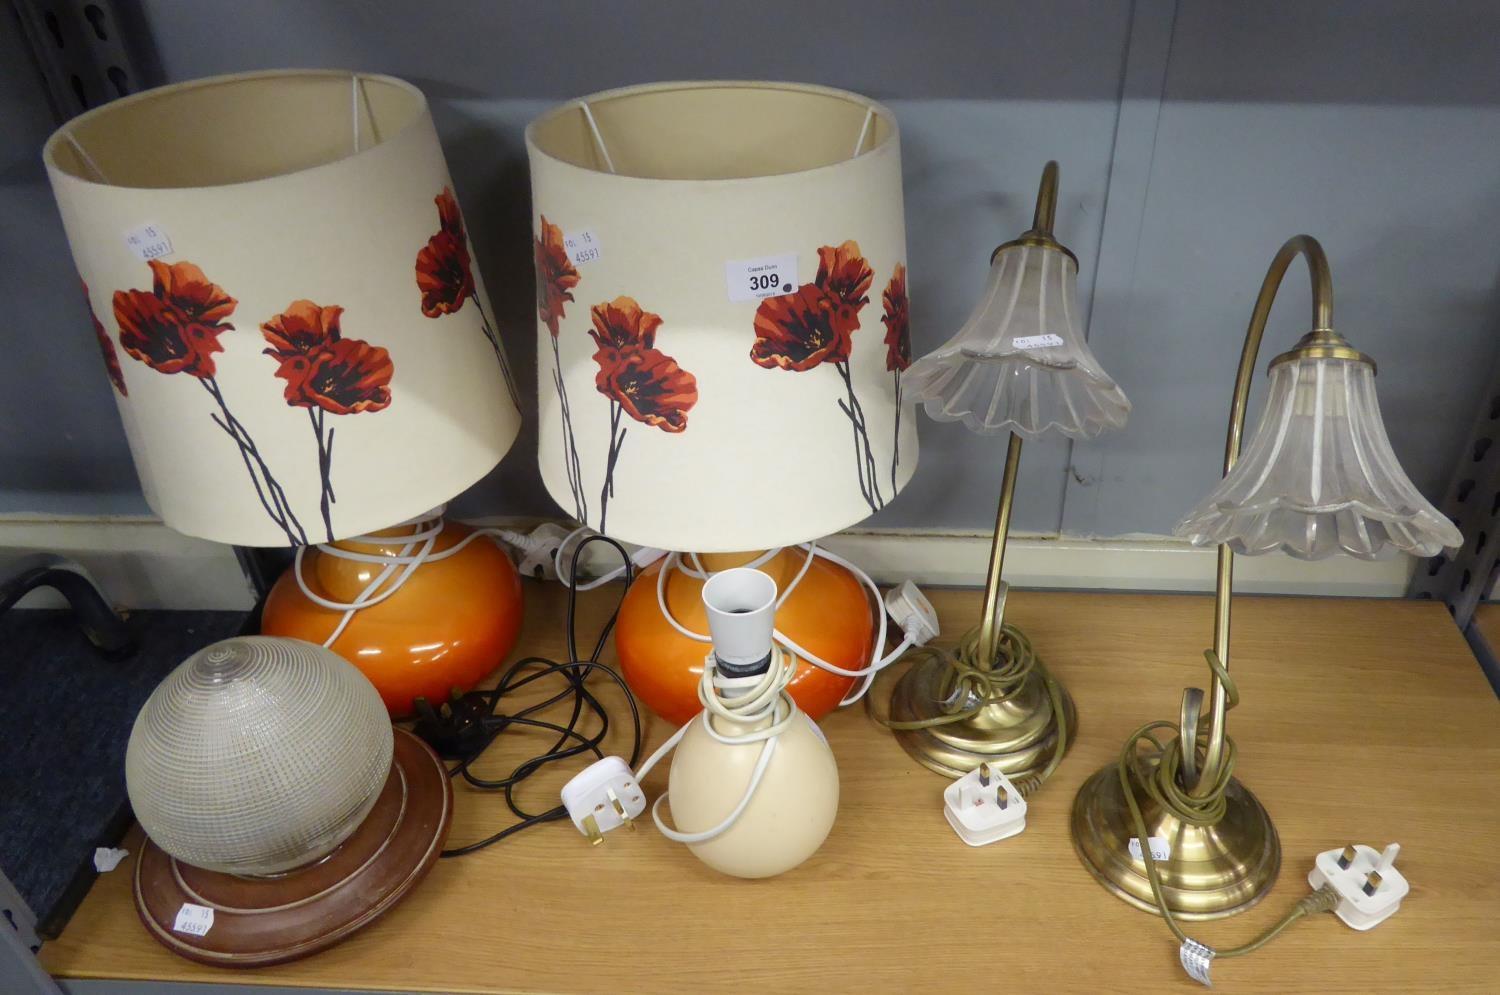 PAIR OF LAMPS WITH ORANGE CERAMIC BASES WITH SHADES, TWO BRASS TOUCH CONTROL LAMPS WITH GLASS SHADES
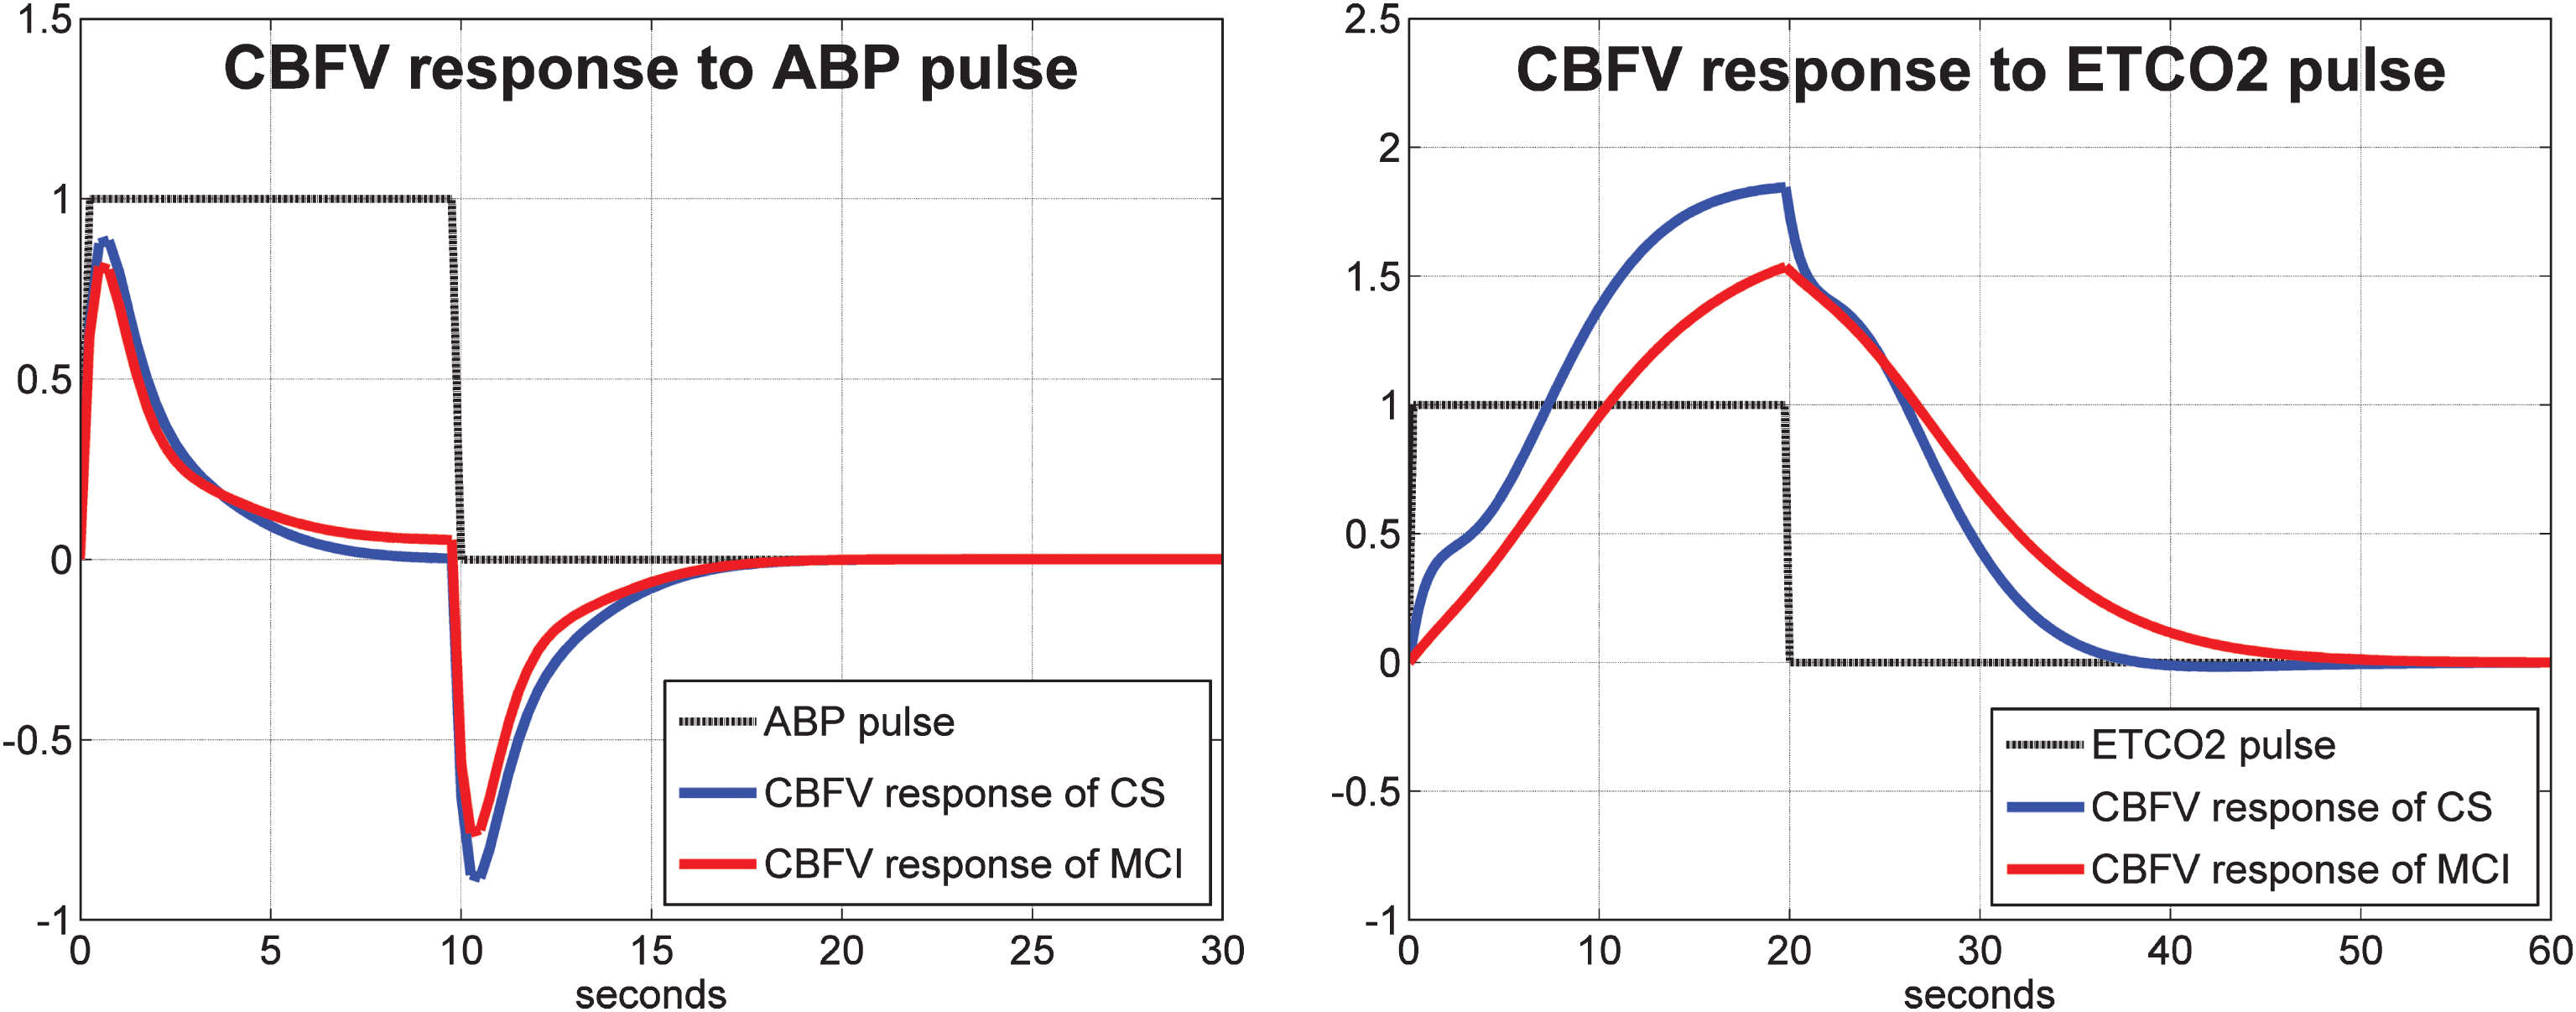 Average model-predicted CBFV/TCD responses for all control subjects (blue line) and for all MCI patients (red line) to a unit pulse change (dotted line) of the ABP input (left panel) and of the ETCO2 input (right panel), while the other input is kept at baseline.
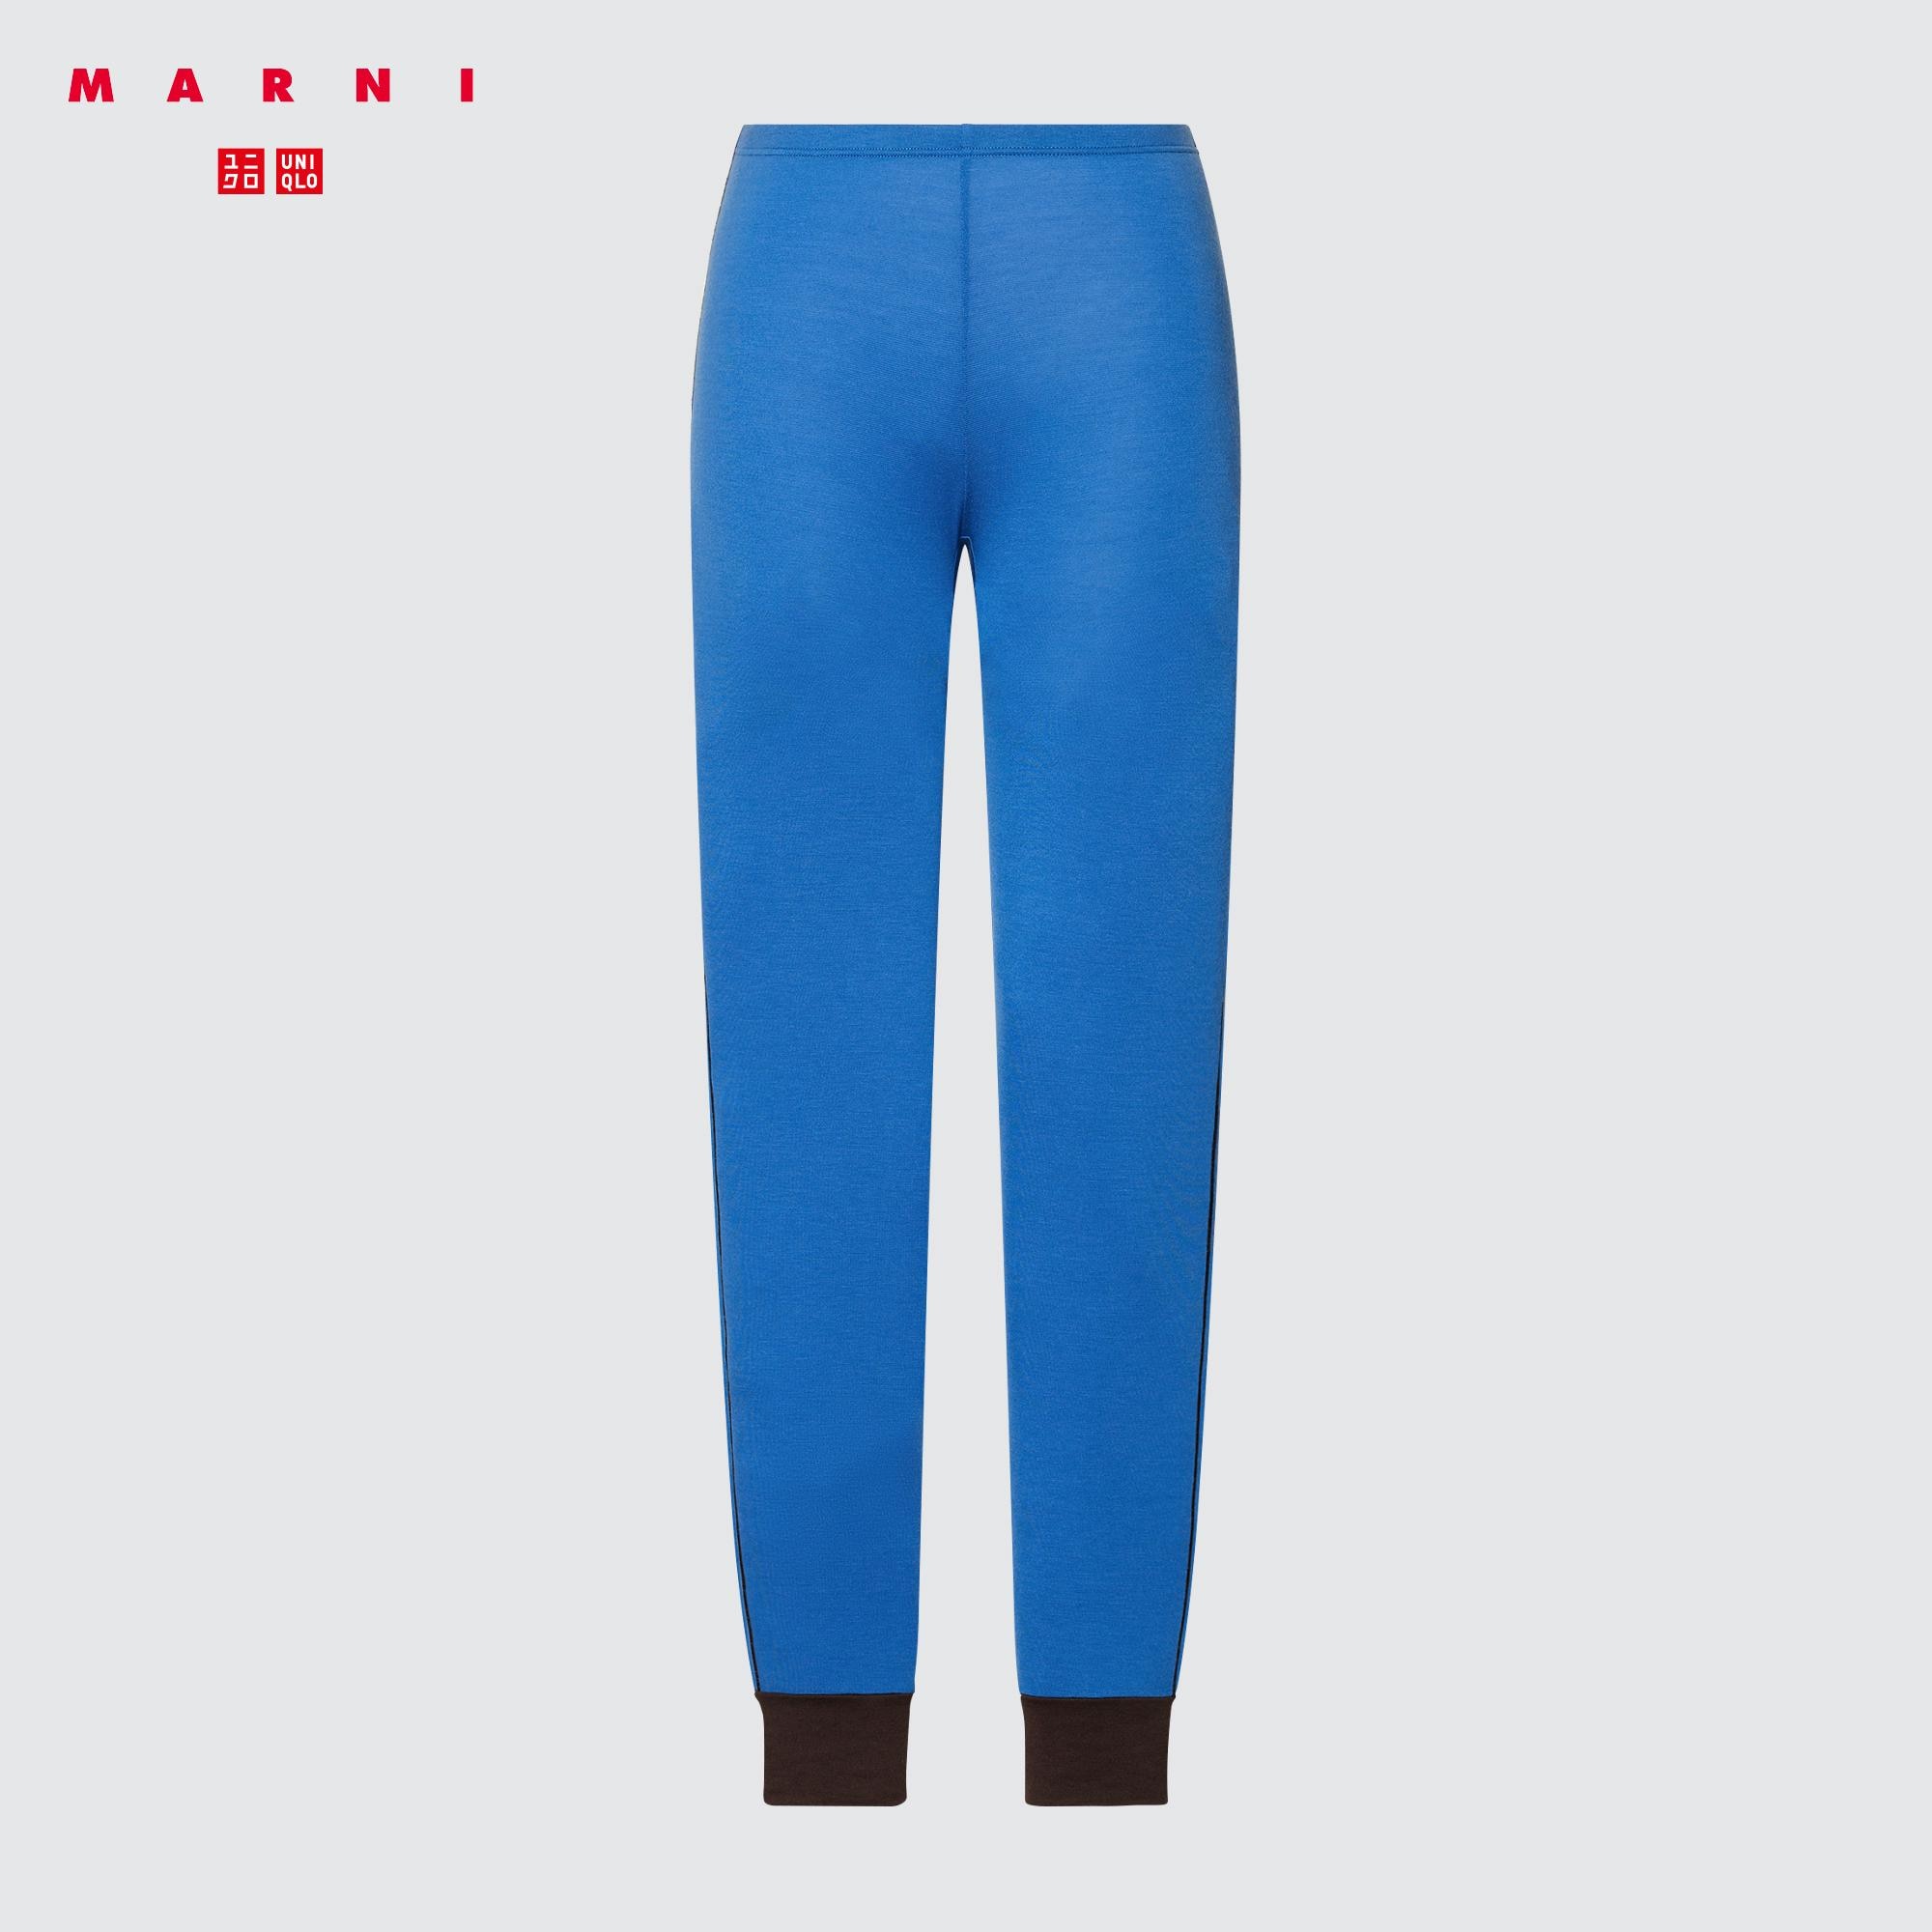 UNIQLO Women Heattech Leggings Authentic from Japan India

--

(WHAT IS BEING ASKED)
With images left out, the data must be transcribed exactly.

(WRITTEN ANSWER)
 PAIR OF LAMPS WITH ORANGE CERAMIC BASES WITH SHADES, TWO BRASS TOUCH CONTROL LAMPS WITH GLASS SHADES
 Average model-predicted CBFV/TCD responses for all control subjects (blue line) and for all MCI patients (red line) to a unit pulse change (dotted line) of the ABP input (left panel) and of the ETCO2 input (right panel), while the other input is kept at baseline.
 UNIQLO Women Heattech Leggings Authentic from Japan India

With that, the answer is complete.